The sources said Ghubara, deputy police chief for the northern part of Qena, had been heading for a police station in Nag Hammadi after visiting an aluminium factory in the town. He had been in his job only five days.

Nag Hammadi, 460km (290 miles) south of Cairo, is near the Valley of the Kings and has been the scene of extremist attacks on foreign tourists.

A police official said investigators succeeded in identifying the two assailants, who fled on a motorcycle. There was no immediate claim of responsibility, but the attackers were believed to be Muslim extremists.

Muslim militants have been waging a campaign of assassinations and bombings against the government. Cairo has fought back with bloody police raids and the 15 hangings, the largest number of executions for political offences this century. Attacks on tourists, which wrecked Egypt's booming tourist industry, appear to have stopped.

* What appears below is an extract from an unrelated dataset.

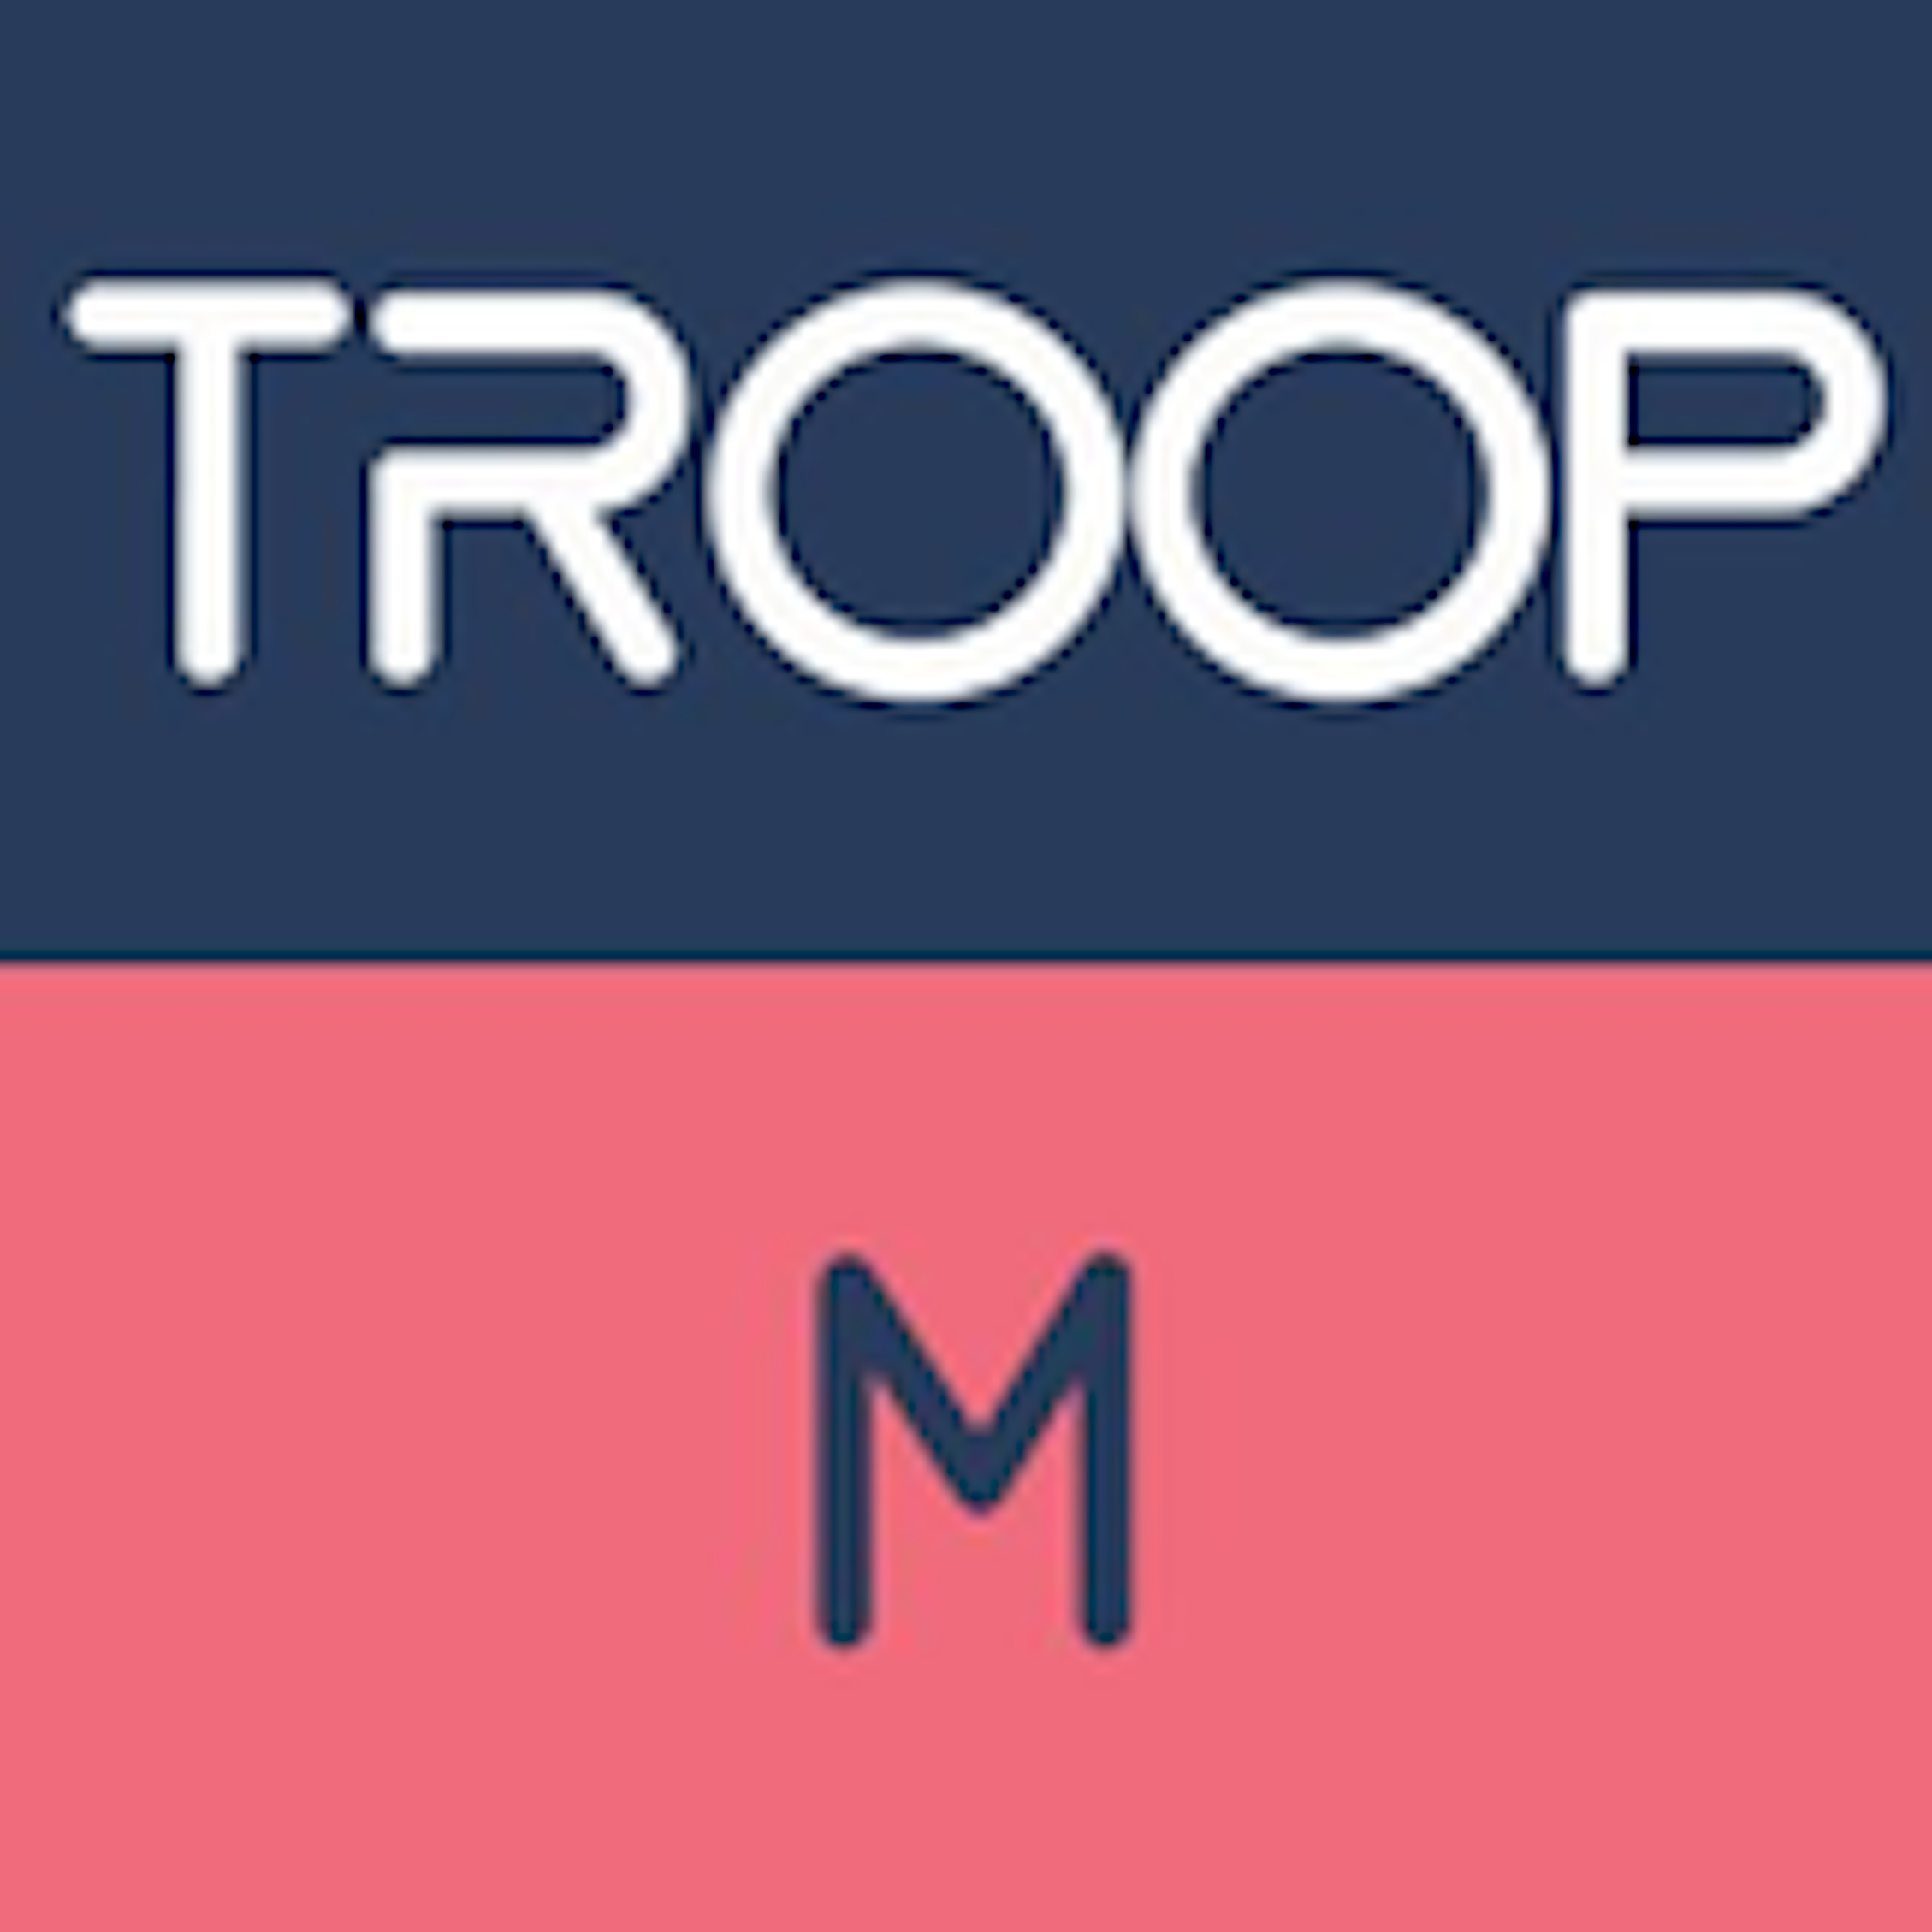 troop messenger download

But militants tried to ambush an army general in Cairo last month and in recent weeks have killed three people who co-operated with police in the province of Assiut, north of Qena.

ALGIERS - An Algiers court condemned 34 Muslim fundamentalists to death at the weekend.

The government Moudjahid newspaper said yesterday that five of the condemned were among 22 men in court where a table loaded with captured weapons underscored charges including setting up an armed group, conspiracy against the state, murder, kidnapping and sabotage.

They were named as Faycal Chenine, Rachid Mahi, Ali Baaa - who was condemned to death in the 1980s for taking part in an armed Islamic movement but pardoned in 1990 - Faycal Doussas and Ahmed Bousbia. A further 29 men now being hunted were sentenced to death in their absence, the newspaper said.

A special court, one of three which were set up late last year to combat violence blamed on fundamentalists, tried the 22, who were captured in a manhunt after an army unit had been ambushed.